From: Jeff Layton <jlayton@kernel.org>
To: trondmy@kernel.org, linux-nfs@vger.kernel.org
Cc: Josef Bacik <josef@toxicpanda.com>
Subject: Re: [PATCH RFC 0/4] Containerised NFS clients and teardown
Date: Thu, 20 Mar 2025 15:32:10 -0400 [thread overview]
Message-ID: <143c1b07b8c8957ee3041cf7872a80965b14b4fd.camel@kernel.org> (raw)
In-Reply-To: <cover.1742490771.git.trond.myklebust@hammerspace.com>
[-- Attachment #1: Type: text/plain, Size: 6694 bytes --]
On Thu, 2025-03-20 at 13:44 -0400, trondmy@kernel.org wrote:
> From: Trond Myklebust <trond.myklebust@hammerspace.com>
>
> When a NFS client is started from inside a container, it is often not
> possible to ensure a safe shutdown and flush of the data before the
> container orchestrator steps in to tear down the network. Typically,
> what can happen is that the orchestrator triggers a lazy umount of the
> mounted filesystems, then proceeds to delete virtual network device
> links, bridges, NAT configurations, etc.
>
> Once that happens, it may be impossible to reach into the container to
> perform any further shutdown actions on the NFS client.
>
> This patchset proposes to allow the client to deal with these situations
> by treating the two errors ENETDOWN and ENETUNREACH as being fatal.

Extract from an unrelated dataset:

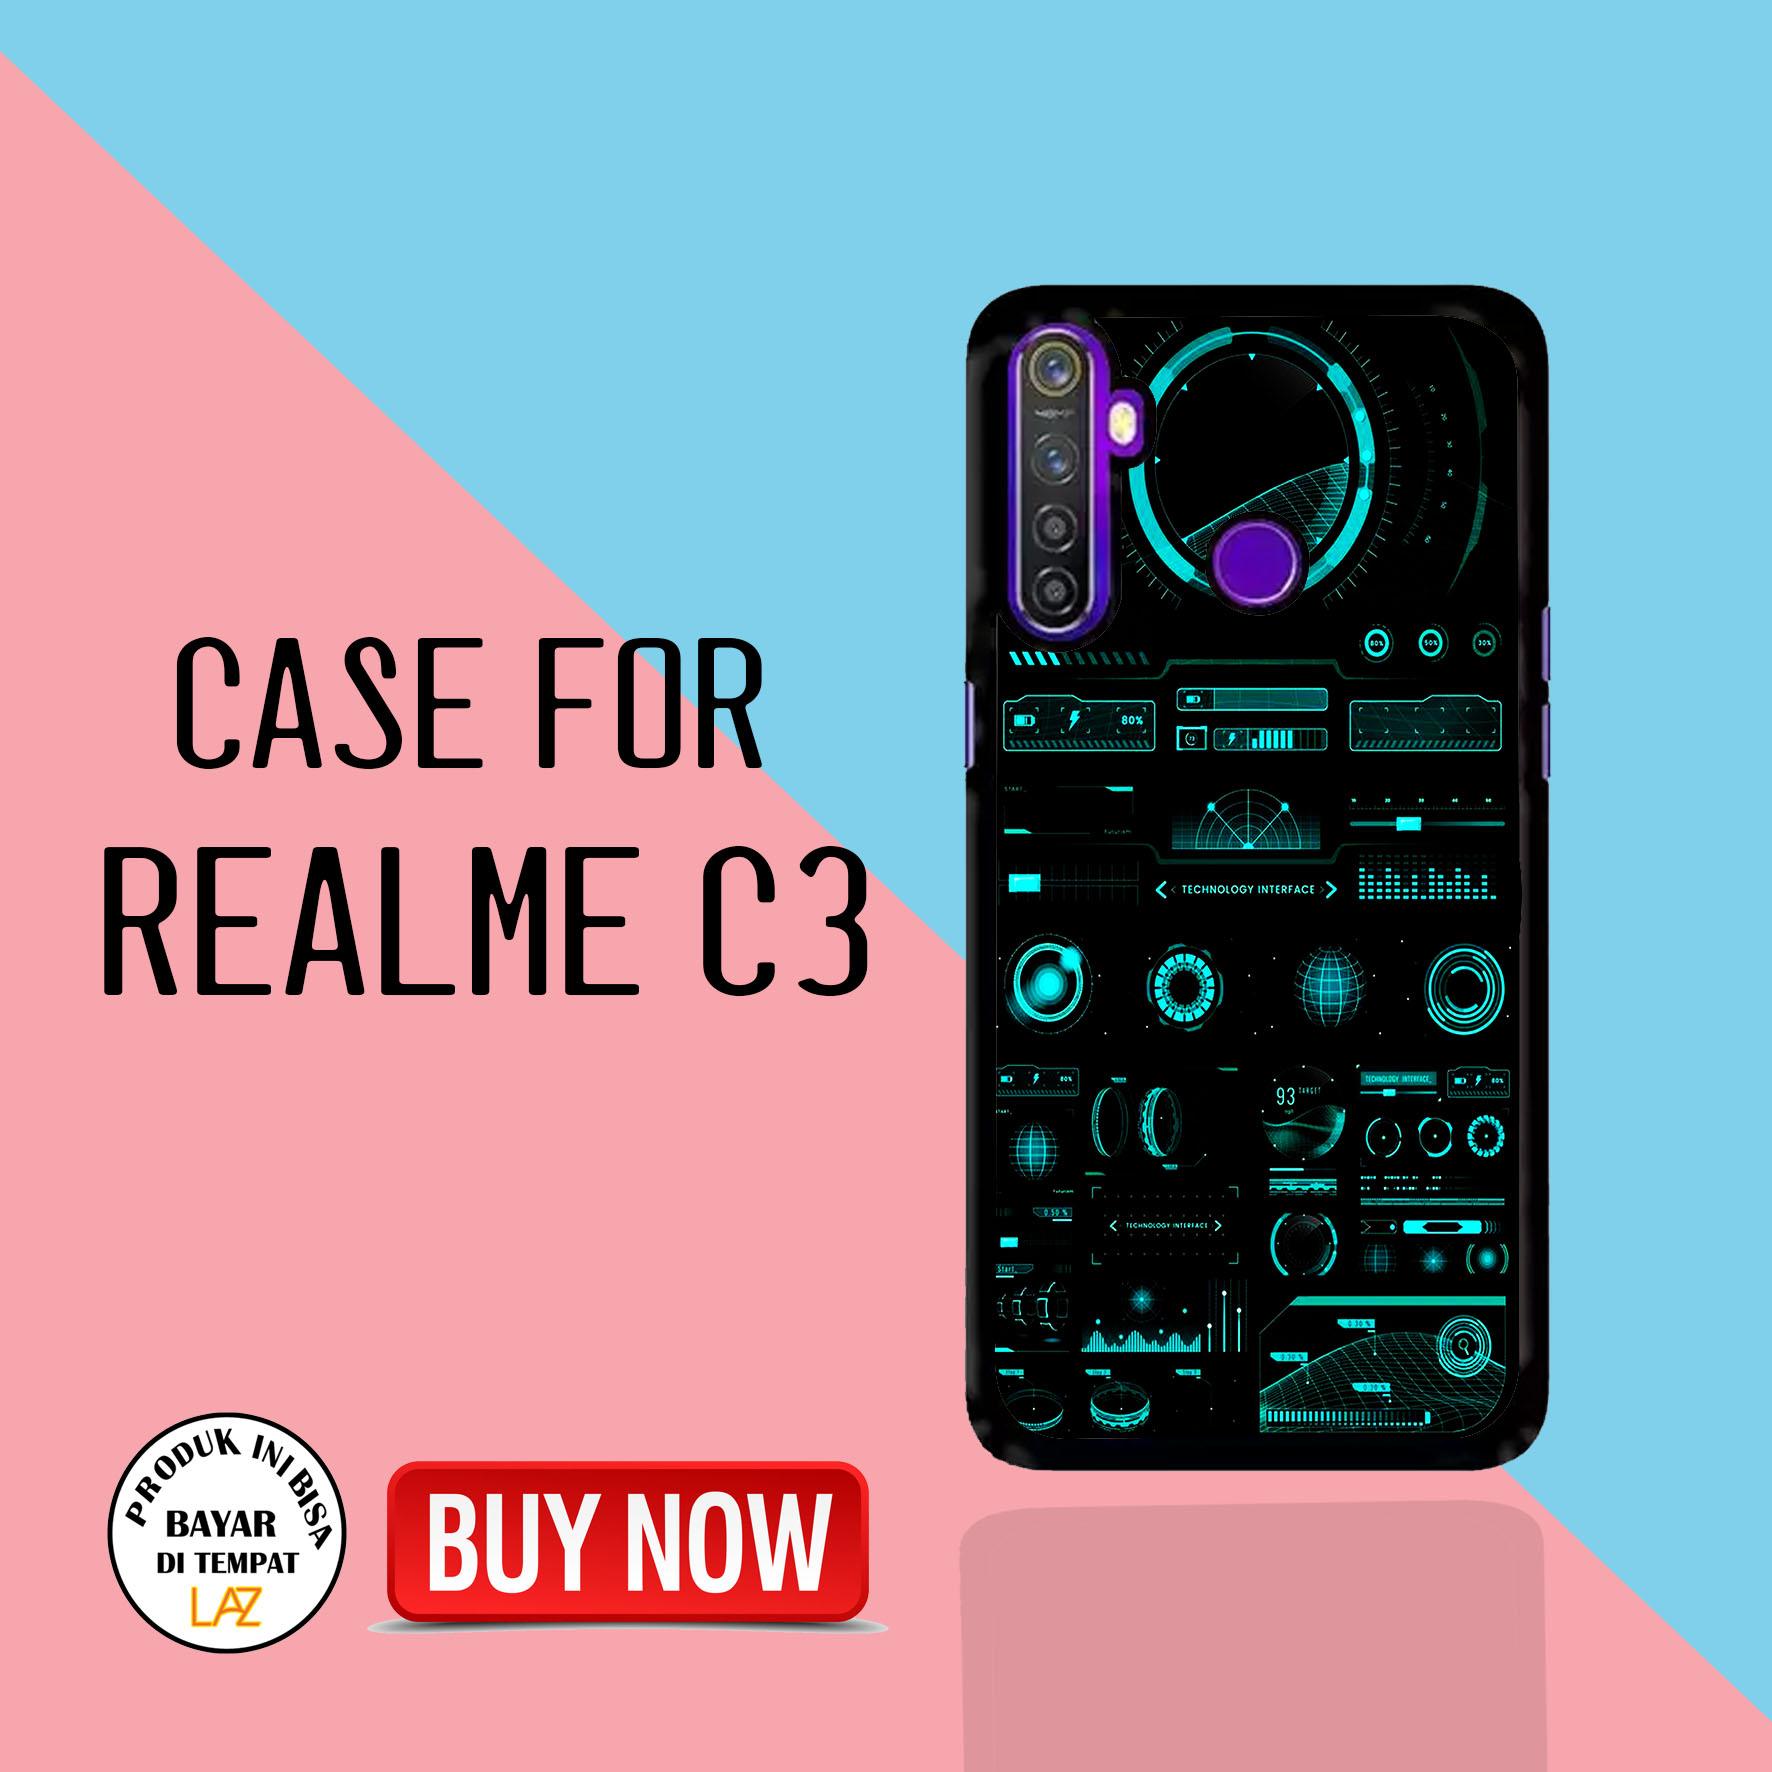 Realme C3 Unicase Fashion Wallpaper Hp 195 A Pelindung Belakang Ponsel Pelindung Hp Case Hp Kondom Hp Cassing Hp Hardcase Softcase Lazada Indonesia

> The intention is to then allow the I/O queue to drain, and any remaining
> RPC calls to error out, so that the lazy umounts can complete the
> shutdown process.
>
> In order to do so, a new mount option "fatal_errors" is introduced,
> which can take the values "default", "none" and "enetdown:enetunreach".
> The value "none" forces the existing behaviour, whereby hard mounts are
> unaffected by the ENETDOWN and ENETUNREACH errors.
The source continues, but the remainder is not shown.